A voir toutes ces réalisations de Janine, on croirait qu’aucune place n’est réservée à sa vie privée. Mariée depuis 6 ans, elle estime que « le mariage est le partenariat le plus important. Le partenaire est un soutien, un support, quelqu’un avec qui on a du plaisir à partager sa vie ». Elle aime bien être élégante. Ses tenues préférées ? « Je change énormément de tenues, selon les activités. Tout dépend des occasions », répond-elle. Pour cela, elle prend bien soin de sa ligne en s’adonnant à tous genres de sports, comme une parfaite sportive : jogging, tennis, natation, mais aussi la lecture, l’écriture, le cinéma et … la cuisine. « J’adore la cuisine italienne. J’aime aussi le sushi », remarque-t-elle.

De nouveau, Janine retourne avec enthousiasme à ses projets. Pour elle, la jeunesse actuelle est pleine de vie, d’enthousiasme et de rêve. « Certains n’ont pas l’opportunité de vivre pleinement leur jeunesse, de se cultiver plus, de voyager, d’avoir davantage d’expériences pour avoir plus de confiance en soi. Je leur dirai que la lecture est très importante dans la vie. Lire, c’est s’instruire et s’enrichir. La responsabilité incombe en premier et en dernier lieu aux parents pour initier leurs enfants à la lecture, au voyage et à la vie. La jeunesse tombe parfois dans l’erreur, c’est le Choix avec un grand C qu’elle doit faire quelque part dans sa vie », souligne-t-elle.

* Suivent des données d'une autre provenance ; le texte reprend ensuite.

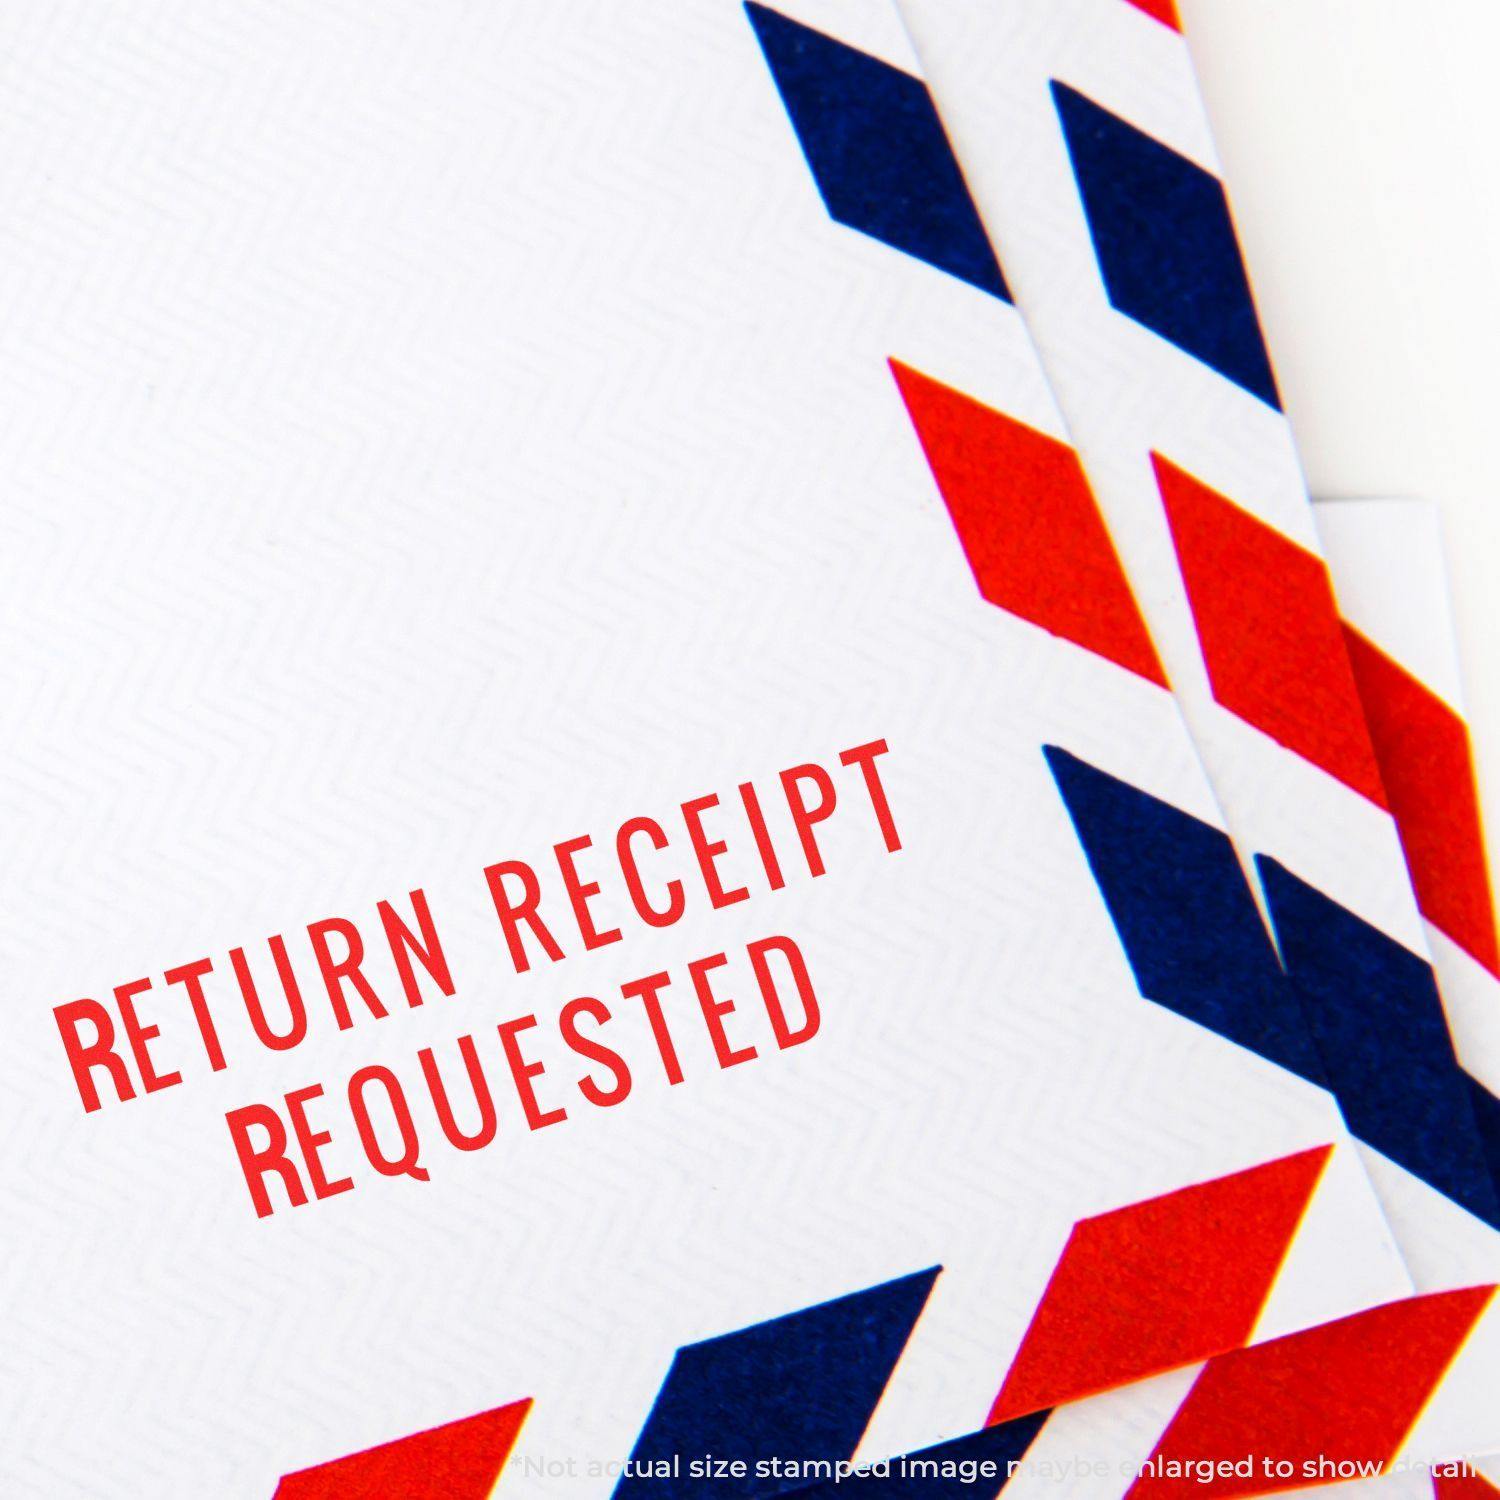 In Use Large Pre-Inked Narrow Font Return Receipt Requested Stamp Image

Janine n’a pas encore fini de parler. Plein de projets grouillent dans sa tête. « Après l’album, ce sera le tour d’un film en français dont je tiens le rôle principal : Khloé, du nom d’une déesse grecque, coécrit avec Riad Bahsoun et filmé entre Beyrouth, Paris et New York. Nous sommes entrés dans la phase de la production avec StudioCanal LGM et JRW Entertainment », poursuit-elle. Le film commence en Orient et se termine en Occident, traitant avec plein d’émotions l’âge d’une femme, son amour, sa déception, la trahison, etc. dans les menus détails. Janine ajoute : « J’ai eu une proposition de film sur la vie de Dalida. Mais j’ai préféré m’éloigner parce qu’il y a trop de ressemblance avec elle, alors que j’ai besoin de révéler ma propre identité. Par contre, j’aimerais bien jouer le rôle de Dalida, dans une étape particulière de sa vie, peut-être la période qui l’a liée à François Mitterrand ». Il semble que les rêves de Janine sont sans fin, car elle pense déjà à une coproduction d’une trilogie d’un film américain … Inch Allah dans le futur très proche ...

Mireille Bridi

 

 

 

Jalons

 

14 novembre … : Naissance à Beyrouth.

2005 : Etudes de théâtre musical au Conservatoire national Herbert Berghof à New York.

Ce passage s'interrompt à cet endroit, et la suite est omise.